INSTRUCTIONS TO FOLLOW. Repeat exactly the lines beginning at the one that contains "Other designers of" and running to the end of the material. Omit the pictures.

RECORDED DATA.
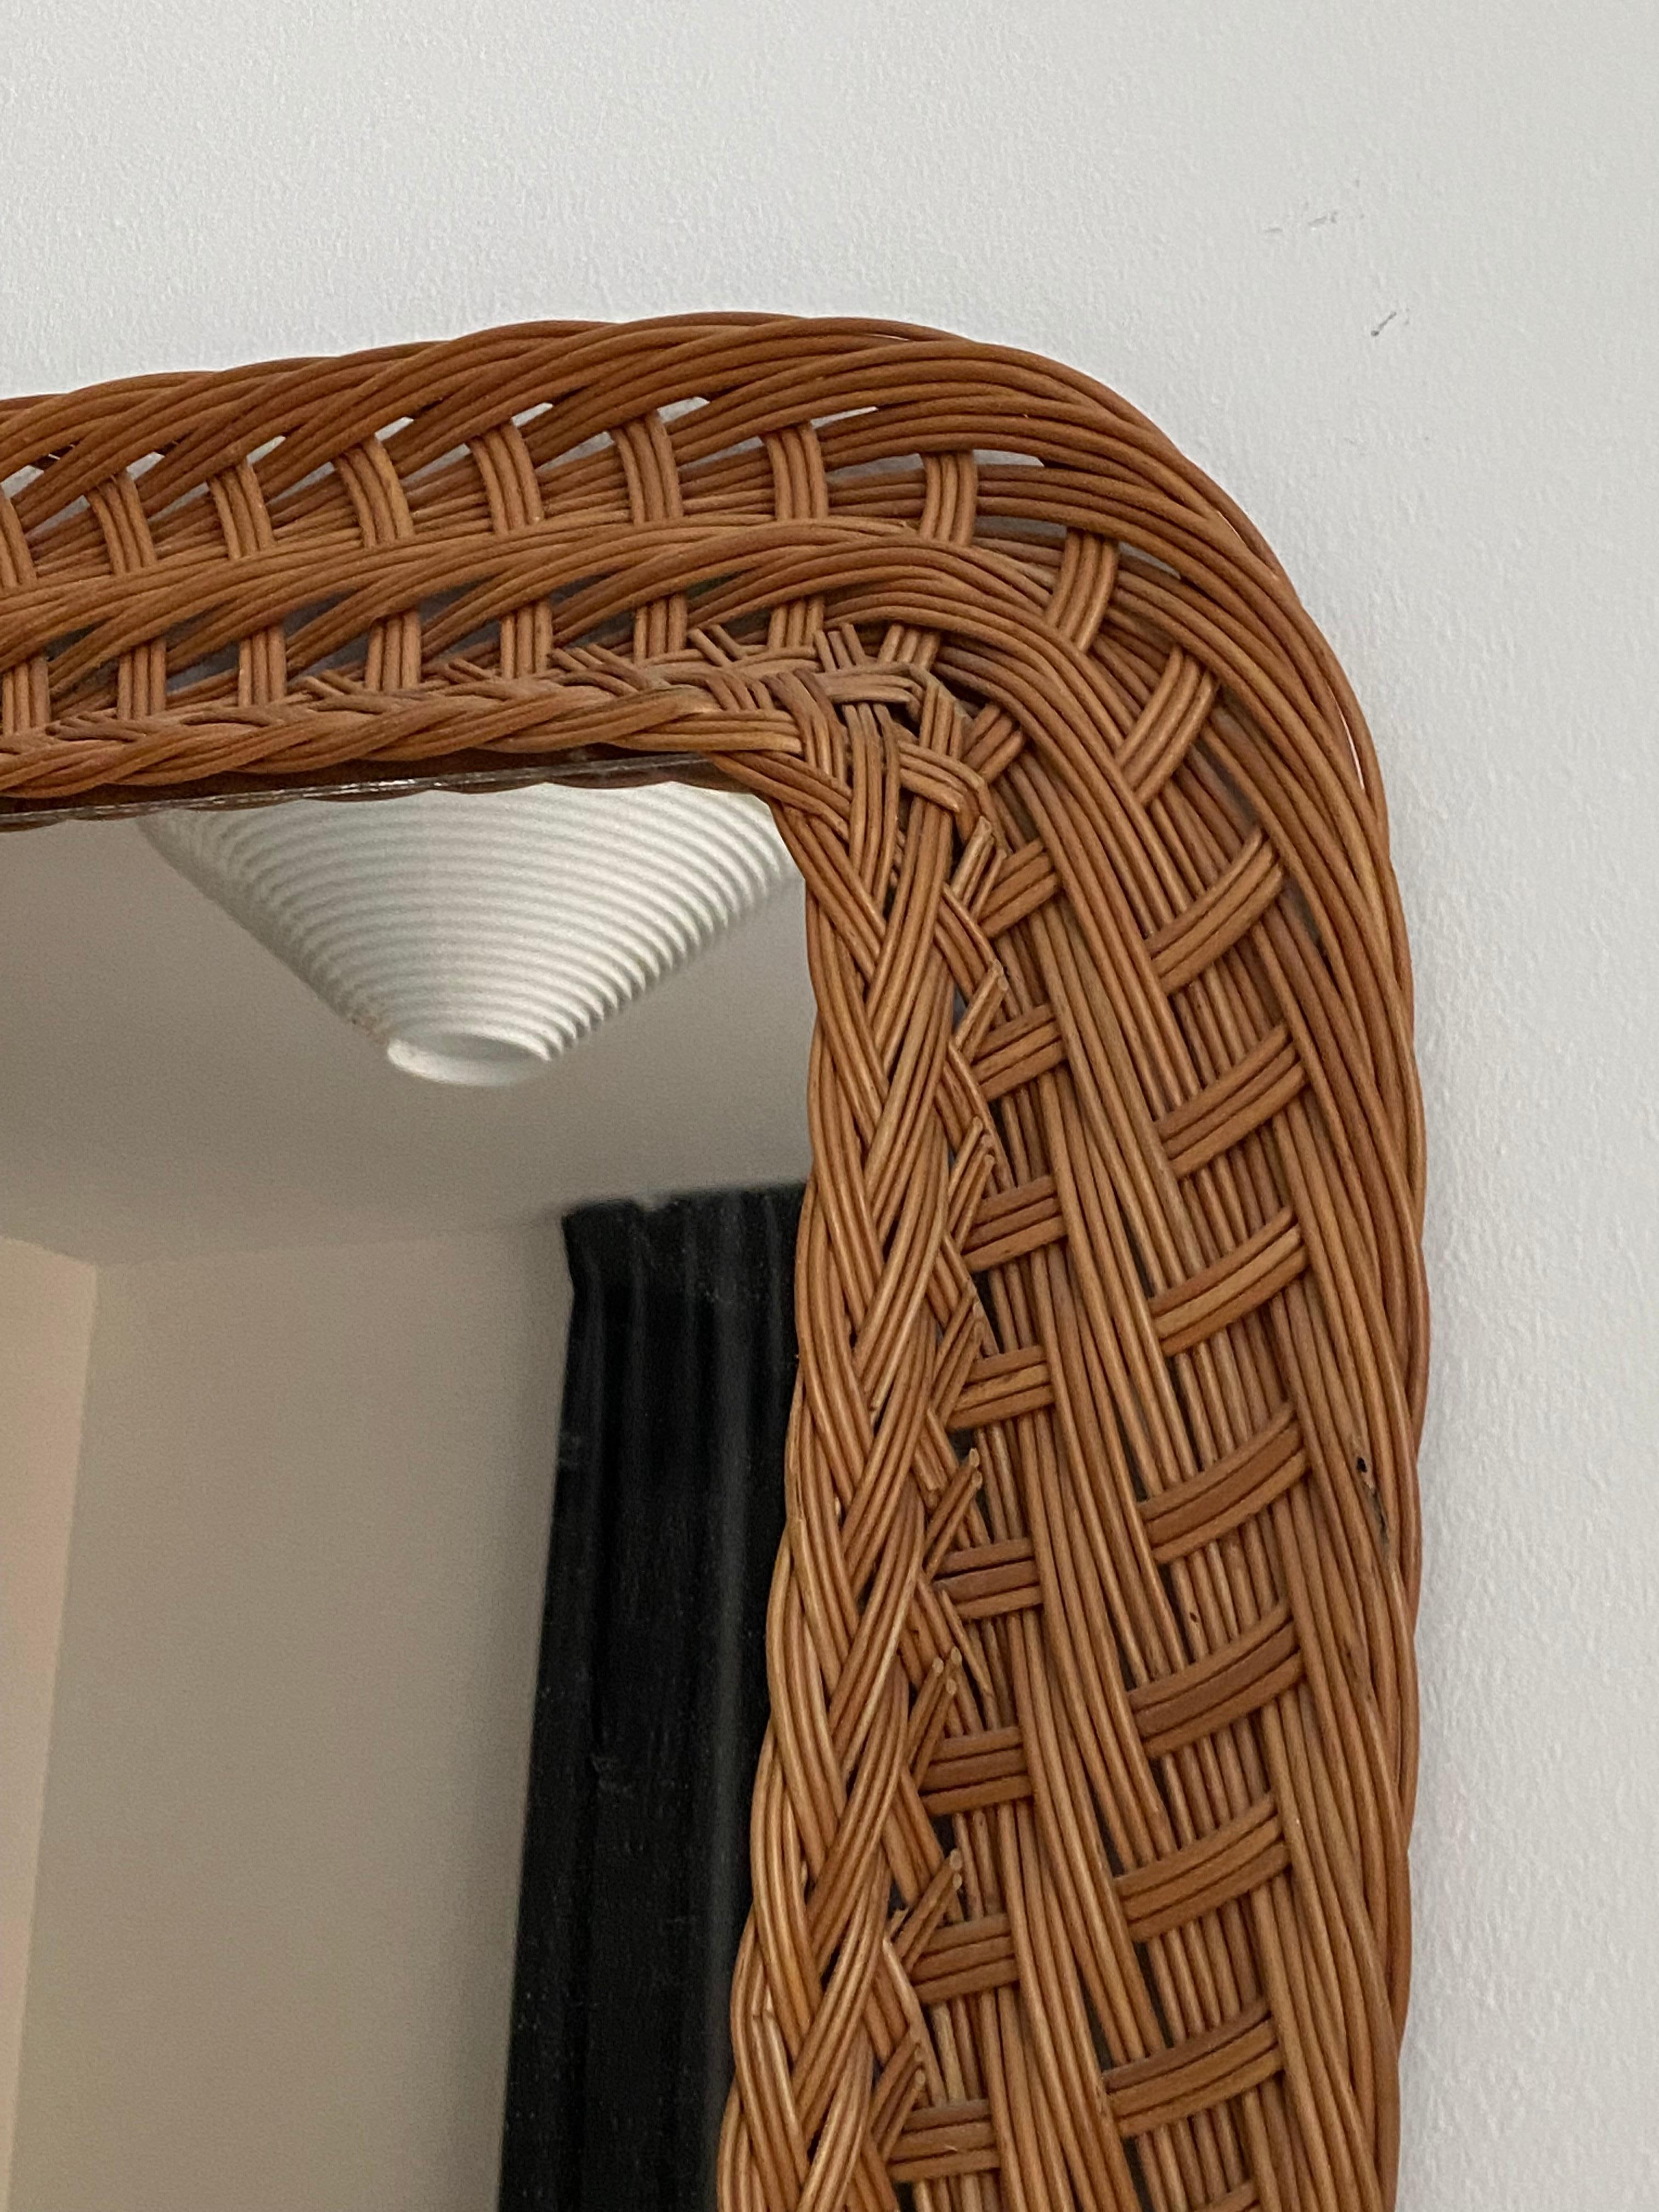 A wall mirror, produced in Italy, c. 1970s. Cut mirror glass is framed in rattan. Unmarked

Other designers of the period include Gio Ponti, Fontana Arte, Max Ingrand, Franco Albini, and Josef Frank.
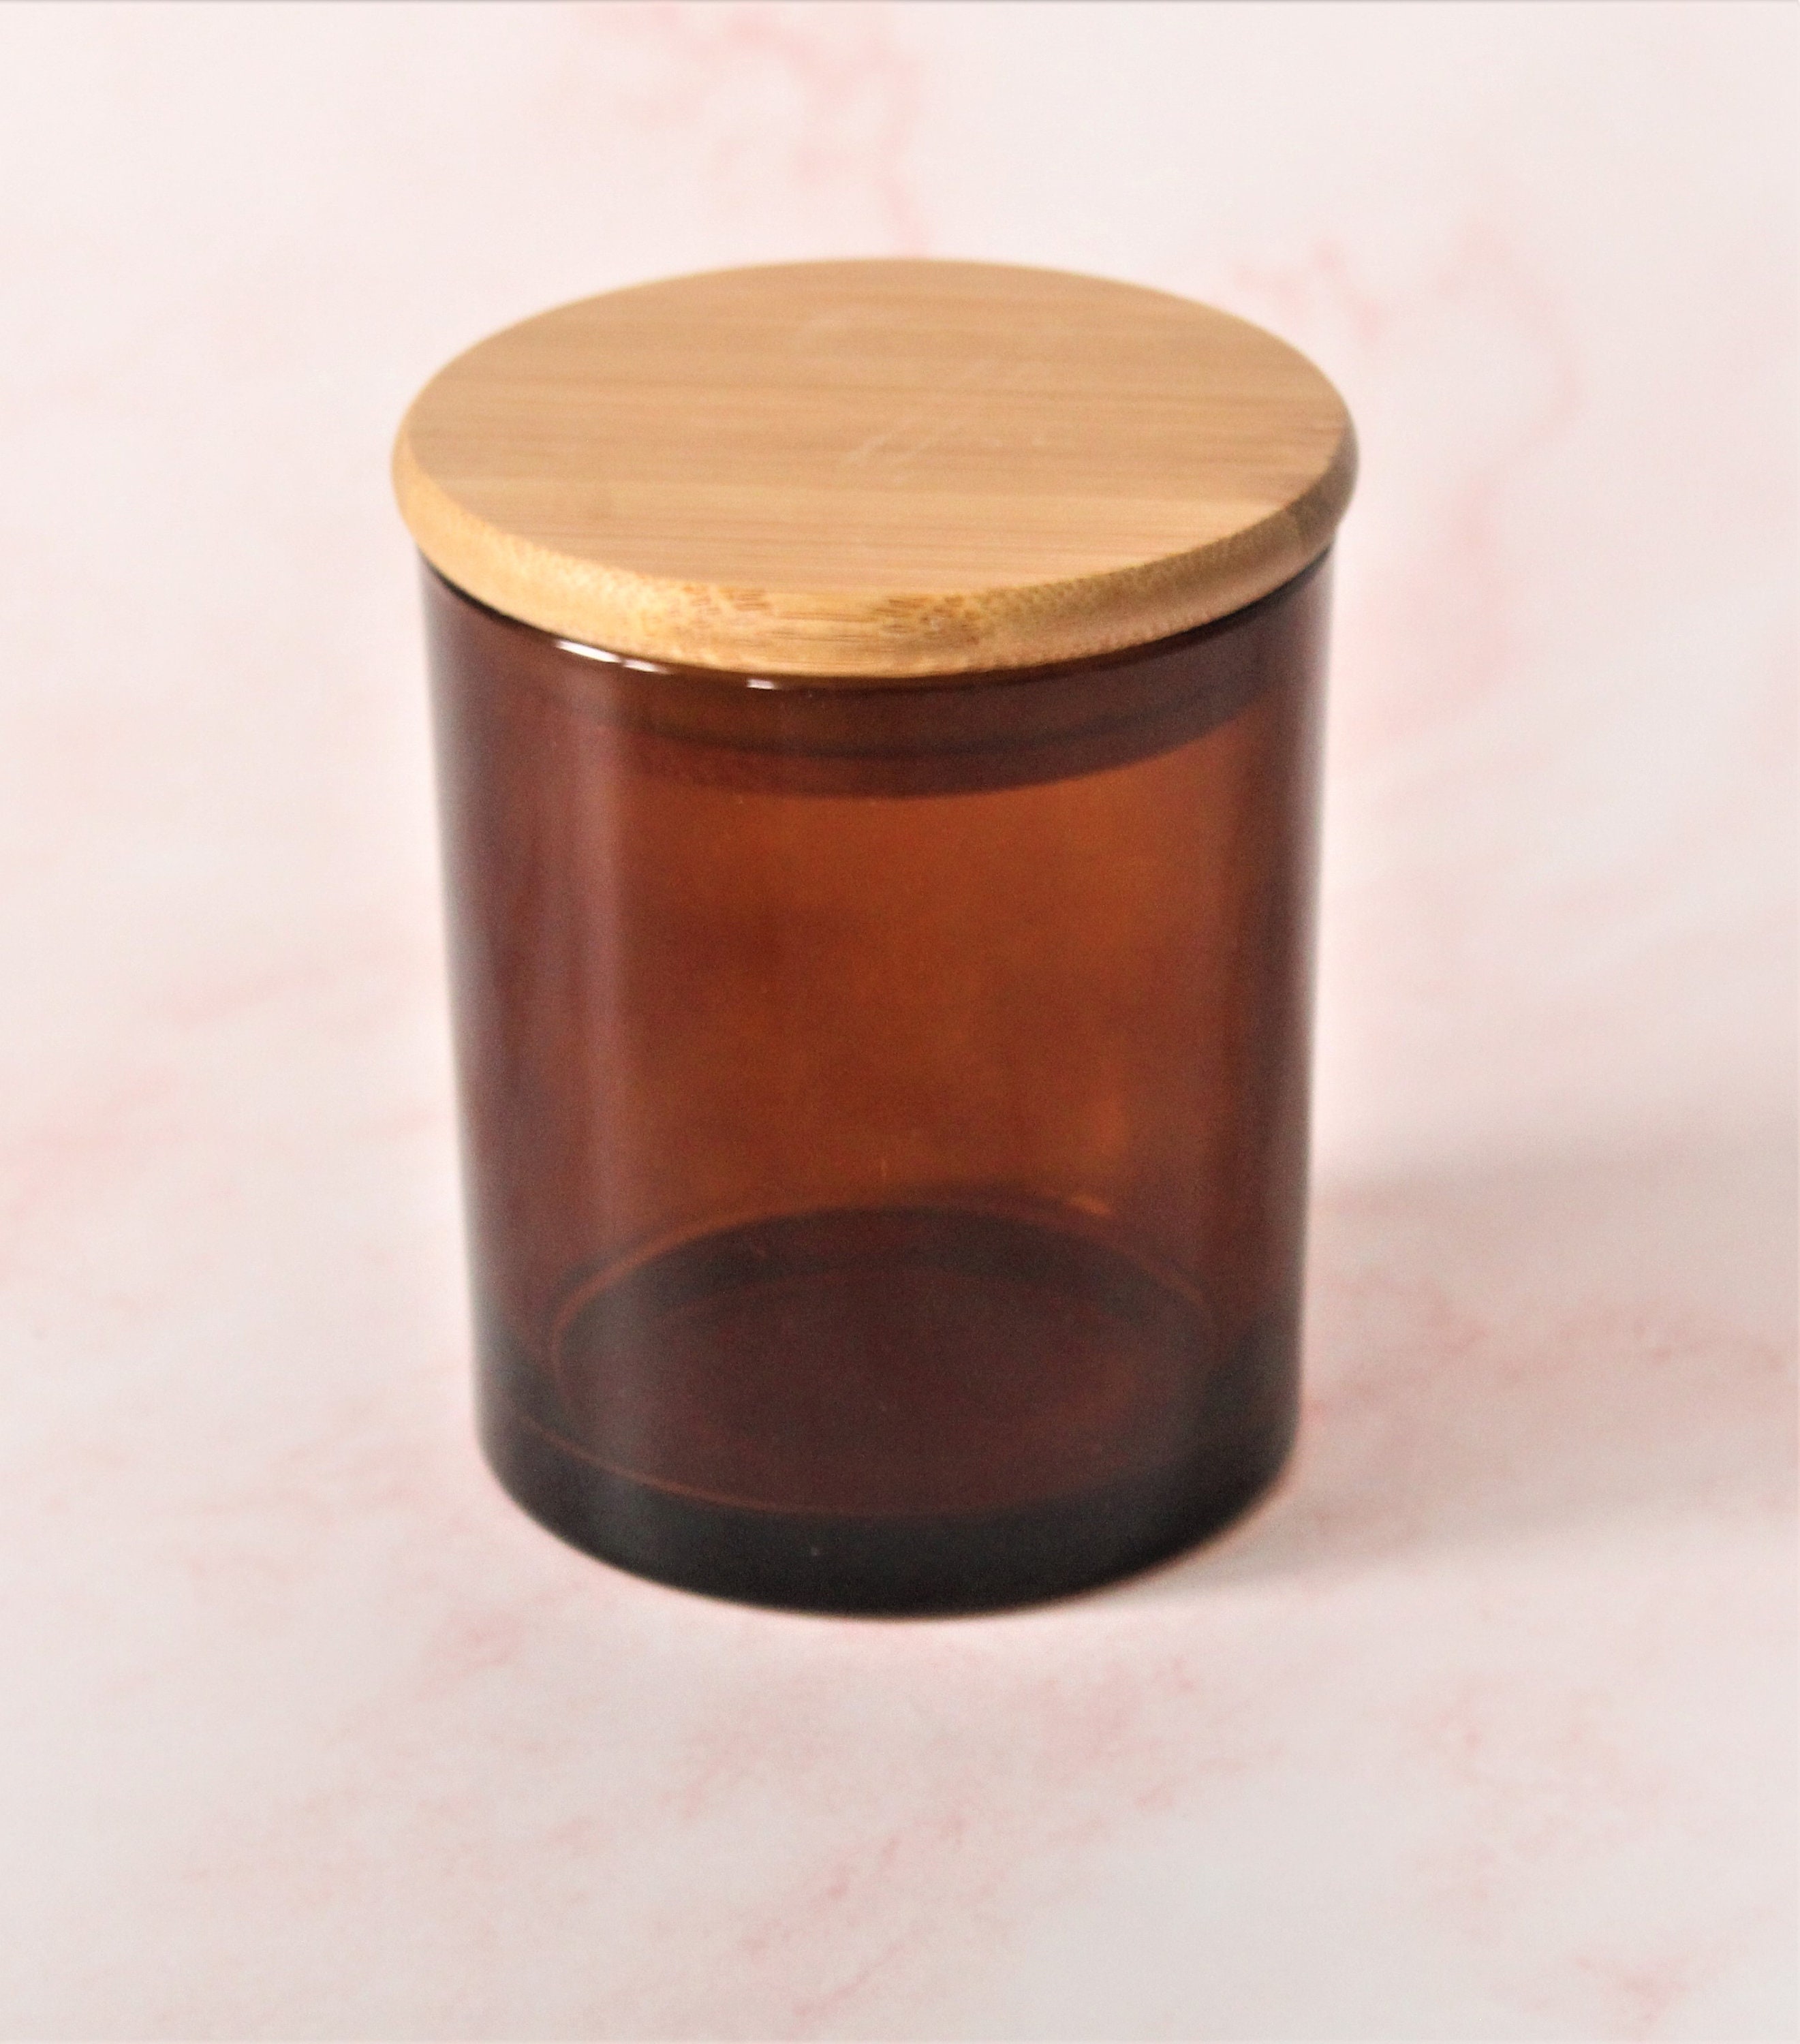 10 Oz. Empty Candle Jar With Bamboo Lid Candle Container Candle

ANSWER TO THE PROBLEM.
Other designers of the period include Gio Ponti, Fontana Arte, Max Ingrand, Franco Albini, and Josef Frank.
 10 Oz. Empty Candle Jar With Bamboo Lid Candle Container Candle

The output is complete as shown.